Interestingly enough, while researching for this post, I found out that goldenrod contains rubber. Inventor Thomas Edison tested a number of plants looking for a source of rubber after being asked to find a native source by his friend Henry Ford. He finally settled on goldenrod because it contained the most and through his experiments was able to produce a 12-foot-tall plant that could contained as much as 12% rubber. The rubber produced was long-lasting resilient, examples of it can still be found in his laboratory, elastic and rot free after more than 50 years. In fact, the tires on the Model T given to him by Ford were made from goldenrod. Edison turned his research over to the U.S. government a year before his death, goldenrod rubber never went beyond the experimental stage. Which is quite a shame since the synthetic rubber based on petroleum became the material of choice for car tires.

Many people shudder when they think of goldenrod blooming in their gardens, but I welcome them. They can become invasive since they spread by both seeds and underground rhizomes, but I find that they’re easily pulled out when the need arises. I don’t let them grow in my cultivated foundation gardens, at least not in large numbers, or in the vegetable garden. They do however, spread freely along the edges of the woods and in the more naturalized garden areas. We actually have a couple of the 125 different species, it’s quite interesting to note the differences between them.

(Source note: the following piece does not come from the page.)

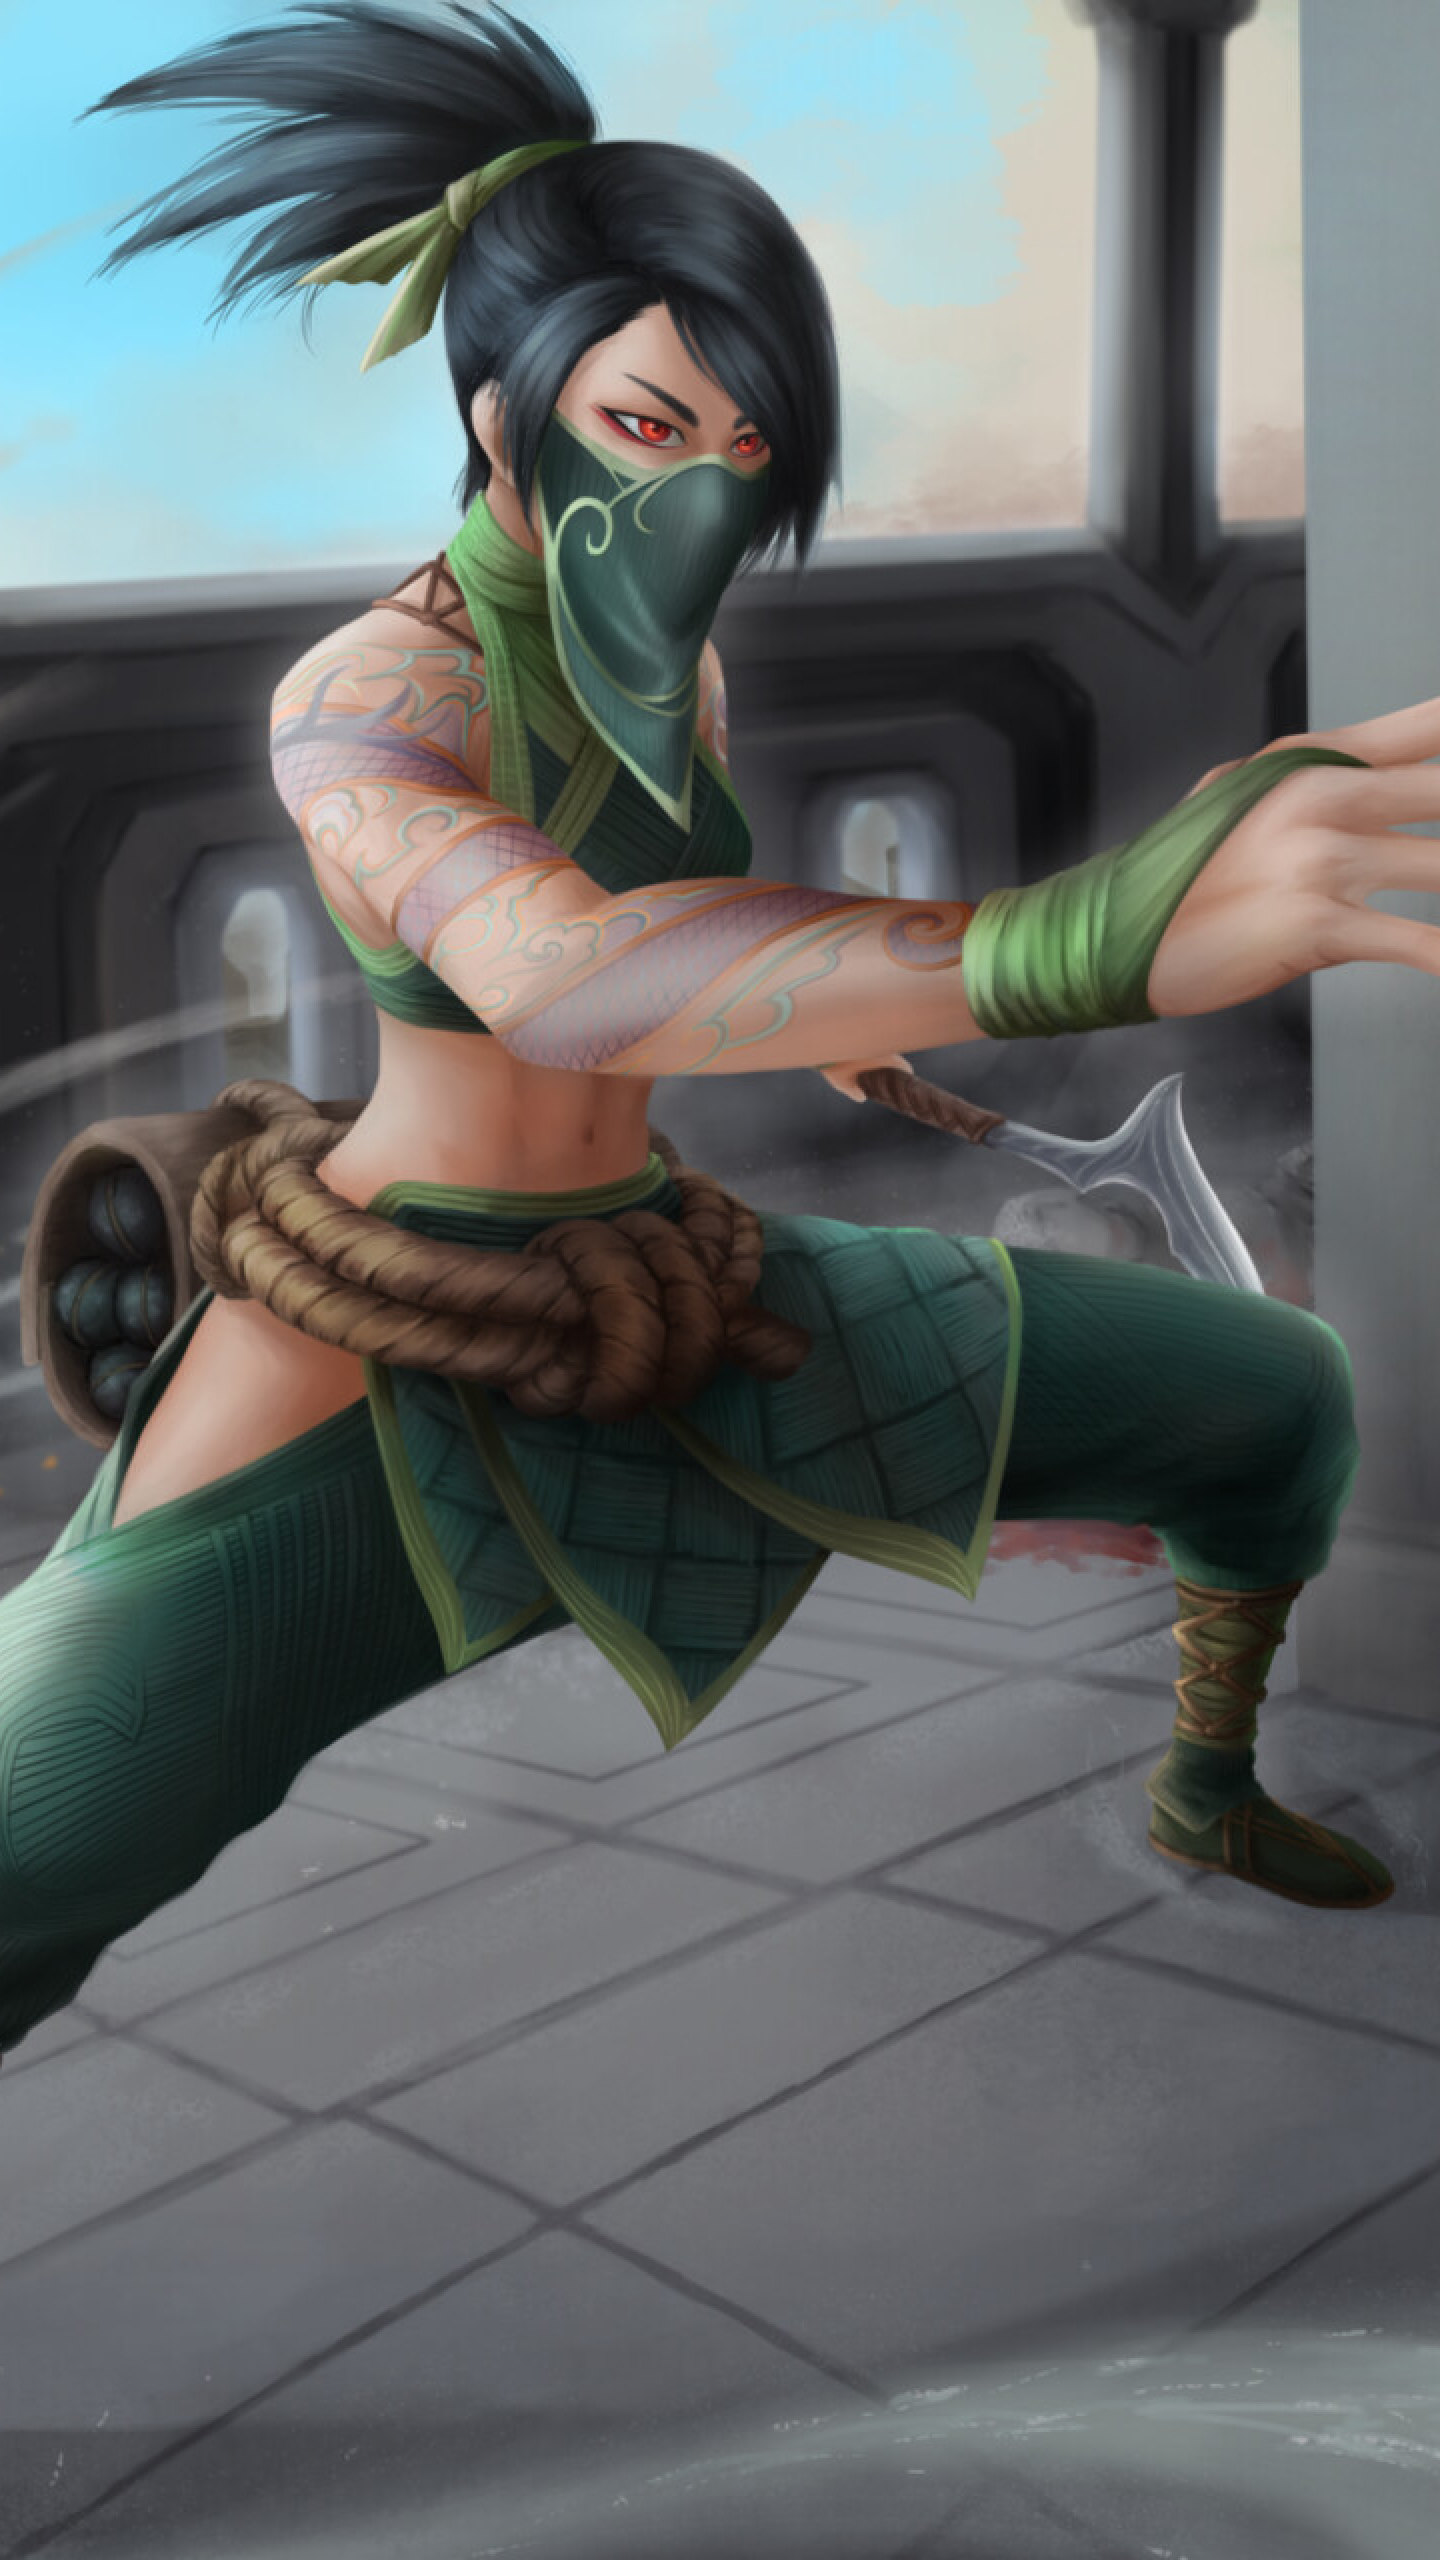 Akali from League Of Legends Wallpaper in 1440x2560 Resolution

Do you incorporate any native wildflowers in your gardens? Any goldenrod?

Benefical Plants: Queen Anne’s Lace

August 12th, 2009

I always love the season of Queen Anne’s Lace. It really is such a lovely wild flower (or weed). It’s like a snowflake in the middle of summer (particularly from underneath).
Queen_annes_lace_agagainst_sky
Queen Anne’s Lace was one of my grandma’s favorite flowers. I remember her always commenting on how much she loved it (perhaps that’s why her crocheted doilies always looked like it).
Queen_annes_lace
We seem to be having a bumper crop of them this year, and I don’t mind! Sometimes in order to not see something as a weed all you have to do is look at it closely and find something beautiful.
Queen_Anne's_Lace_from_underneath
It is a very beneficial plant, even though many people classify it as an invasive weed. Queen Anne’s Lace provides beneficial nectar to insects during this dry part of the summer when they don’t have many options. Caterpillars of the Eastern Black Swallowtail butterfly eat the leaves, bees and other insects drink the nectar, and predatory insects, such as the Green Lacewing, come to Queen Anne’s Lace to attack prey, such as aphids.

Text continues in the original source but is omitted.